WHAT YOU HAVE TO DO » For the records below, copy exactly the span that begins at the line containing "Let it rain on me! fotoshoot fotografie" and stops after the line containing "Acrylic bird. Made", minus any pictures.

DATA SHOWN »
○ ○ ○ ○ ○ ○ ○

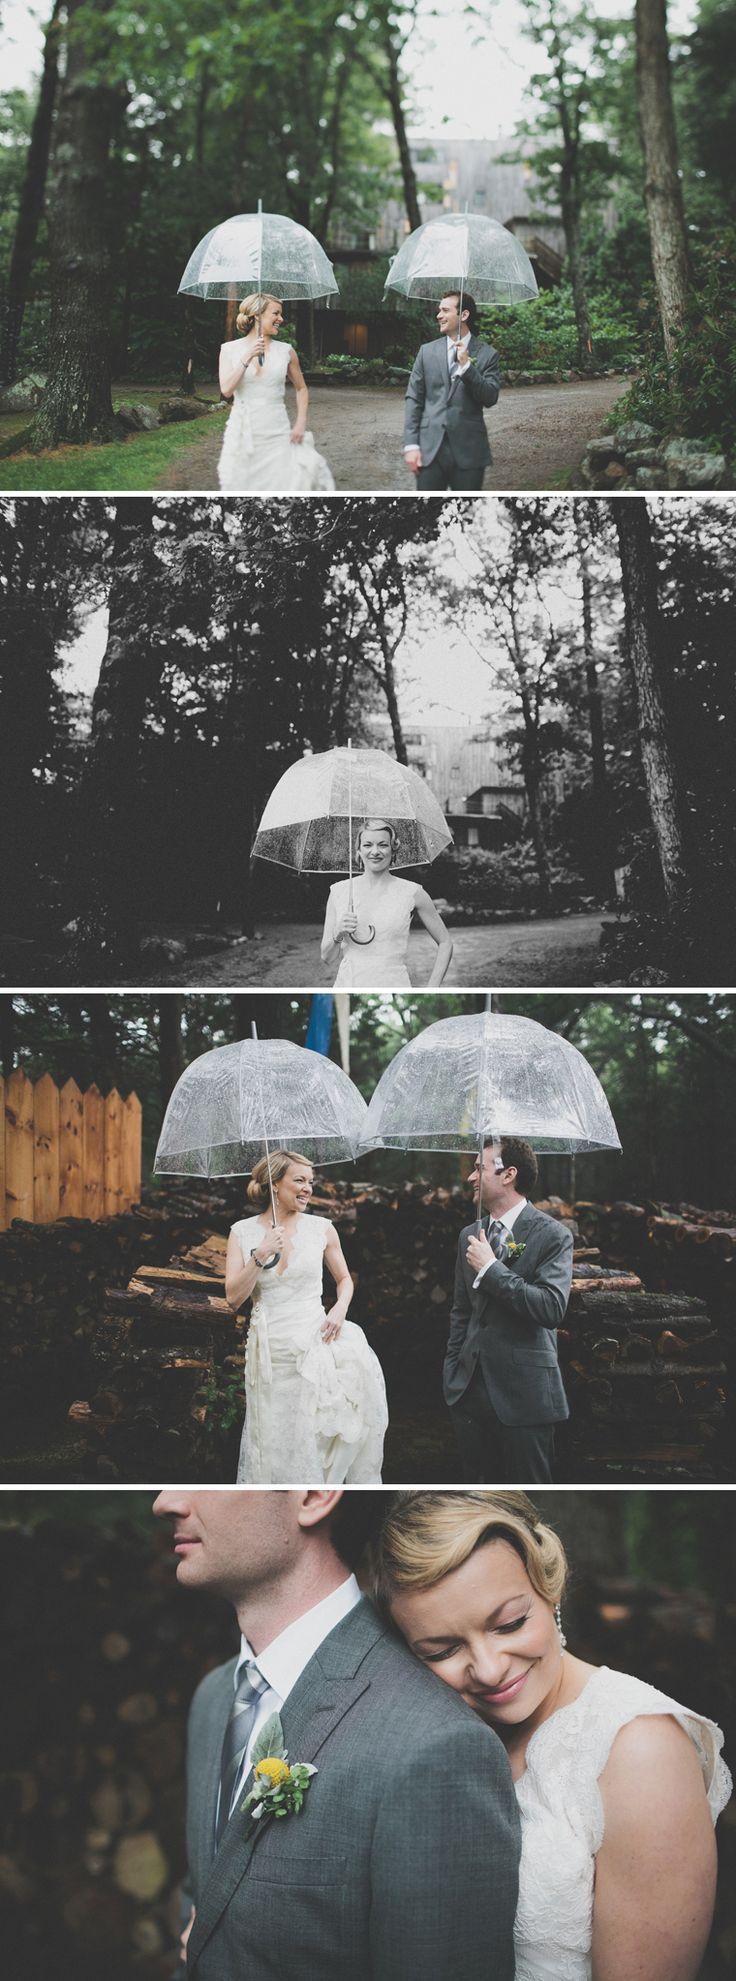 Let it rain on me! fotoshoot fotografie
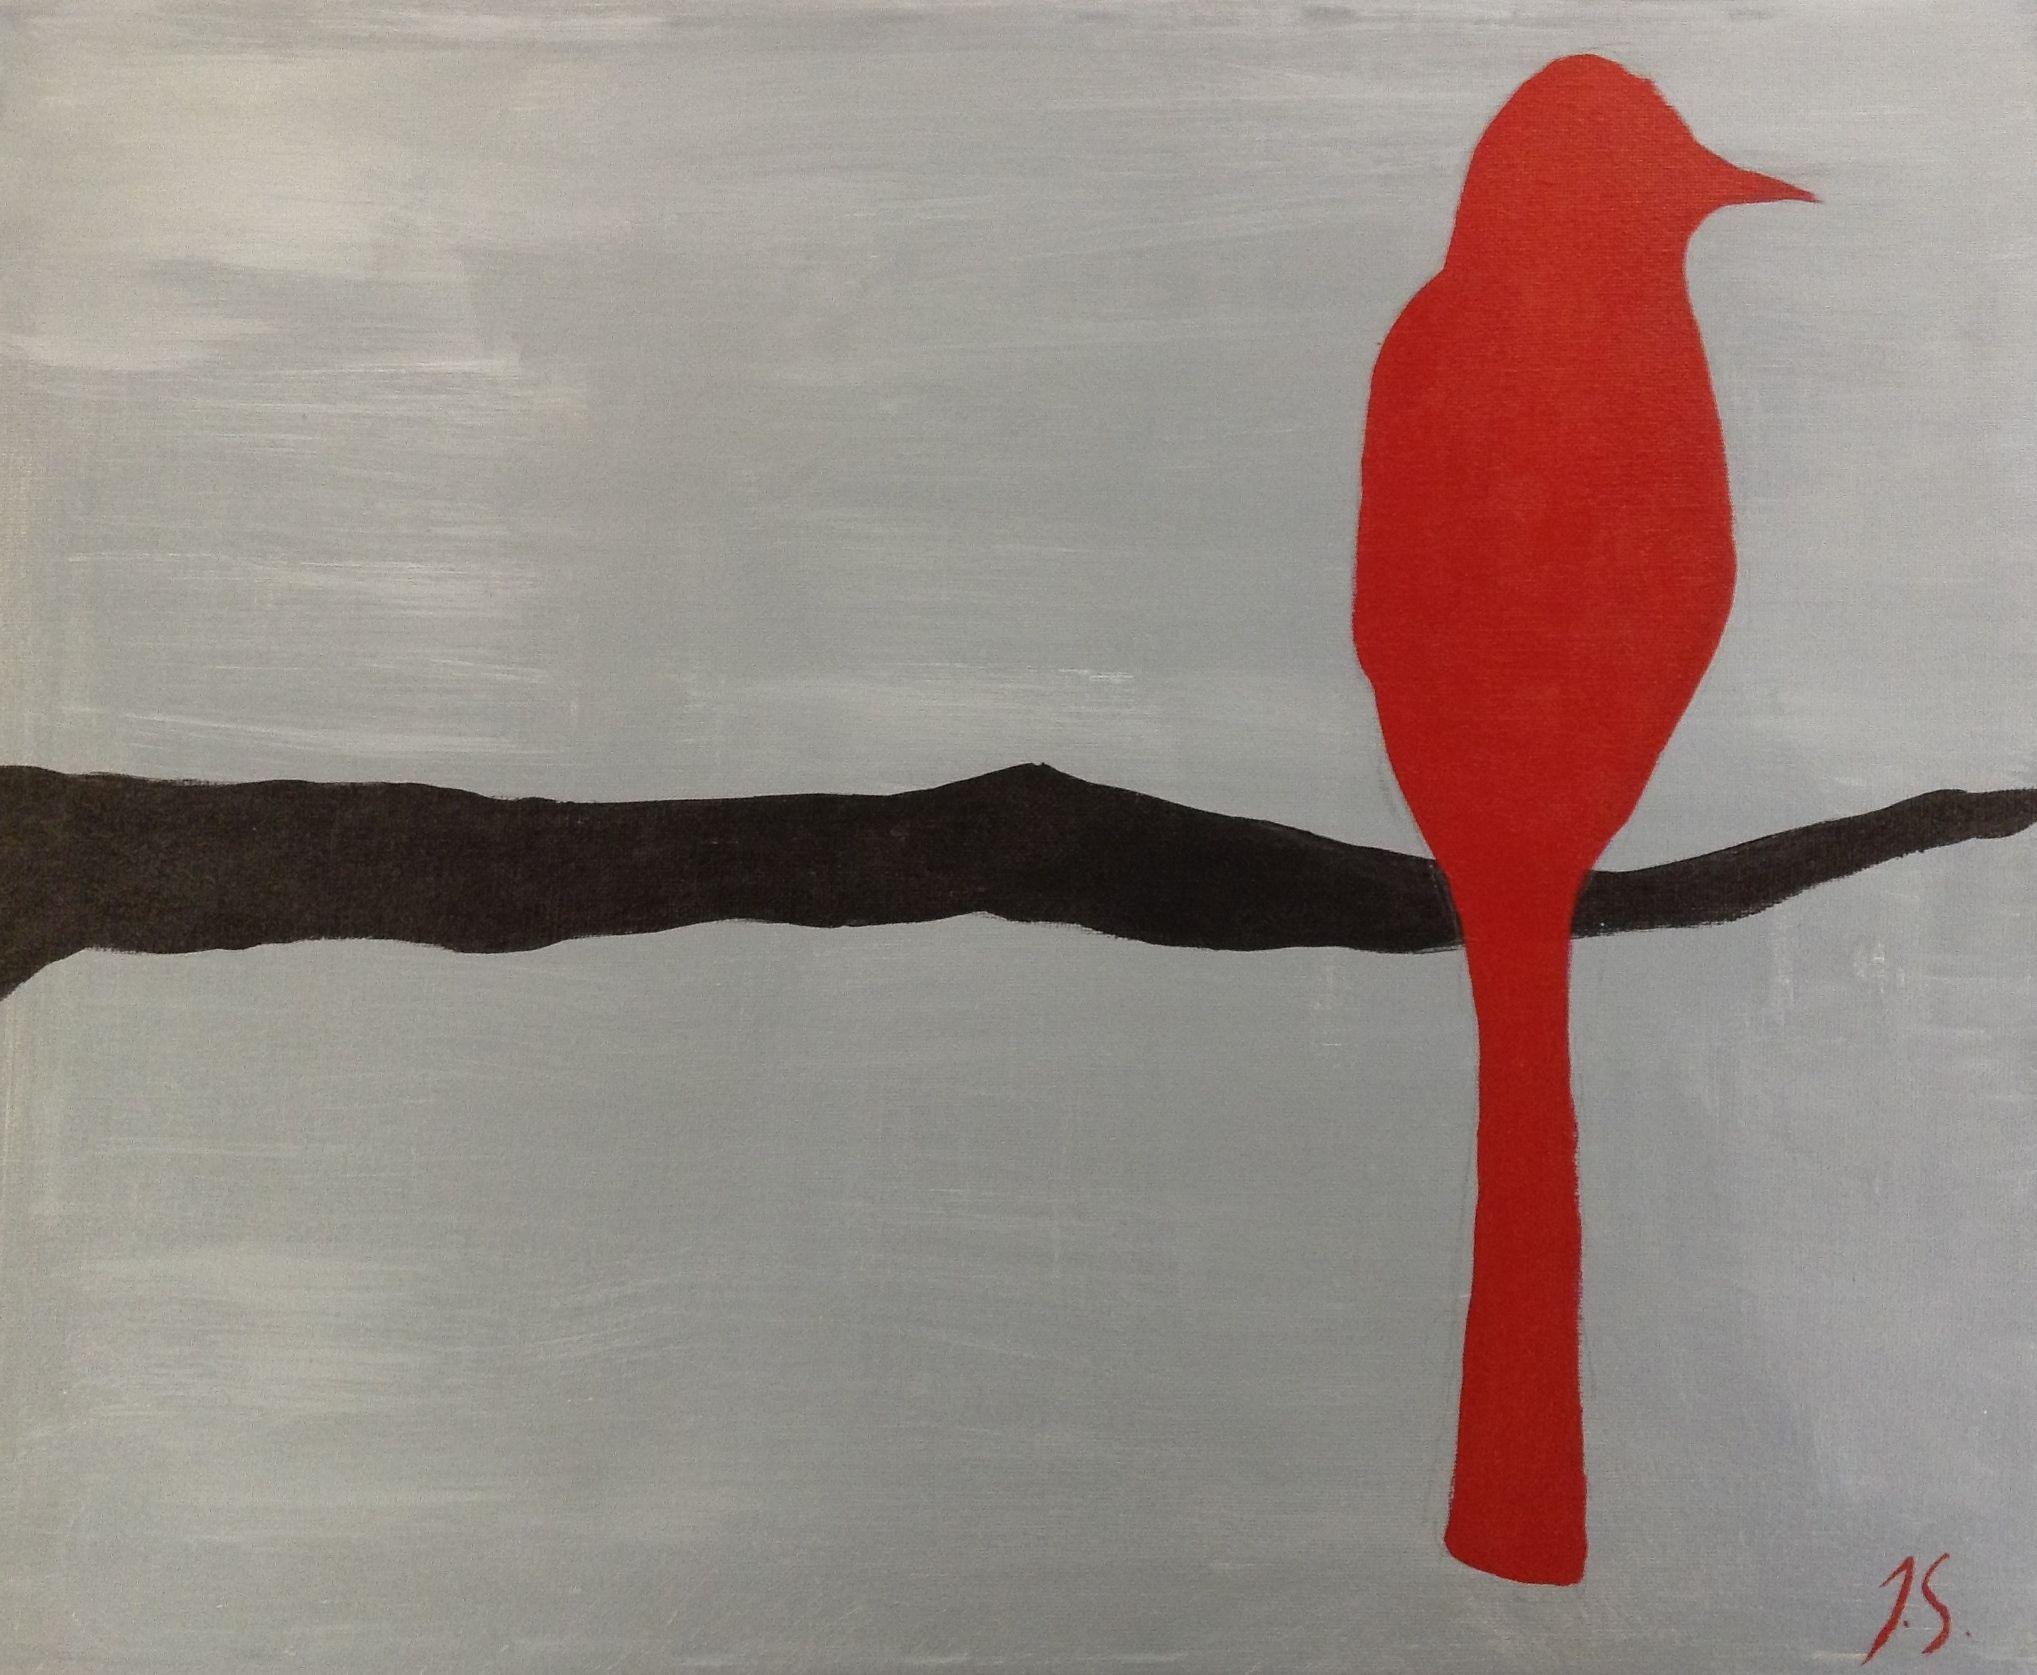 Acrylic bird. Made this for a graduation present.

○ ○ ○ ○ ○ ○ ○

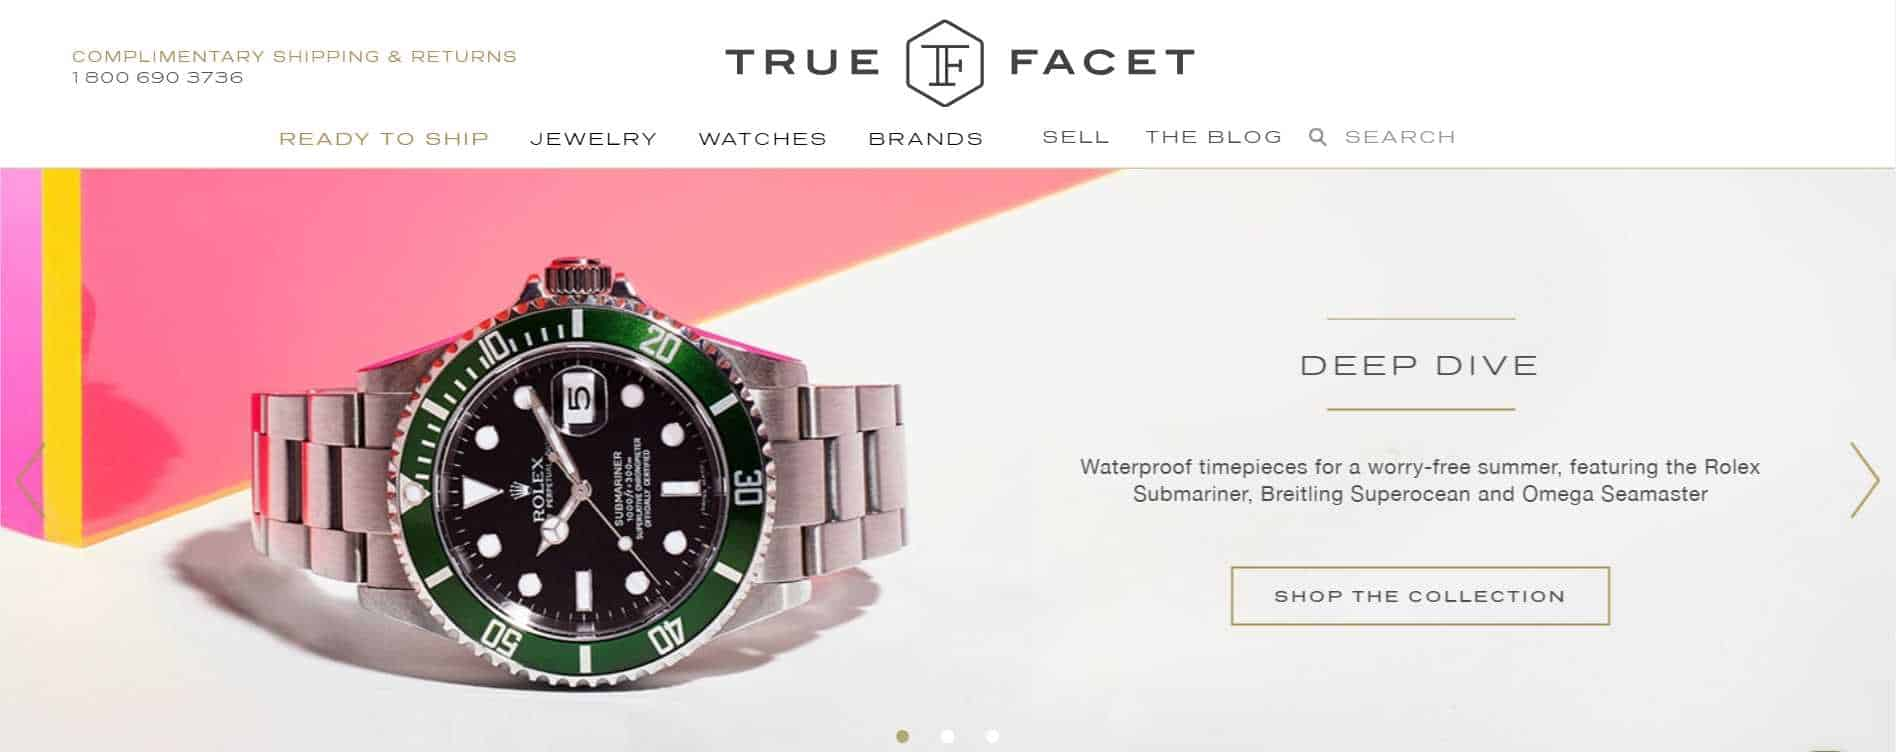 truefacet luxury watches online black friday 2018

○ ○ ○ ○ ○ ○ ○

SOLVED EXERCISE »
 Let it rain on me! fotoshoot fotografie
 Acrylic bird. Made this for a graduation present.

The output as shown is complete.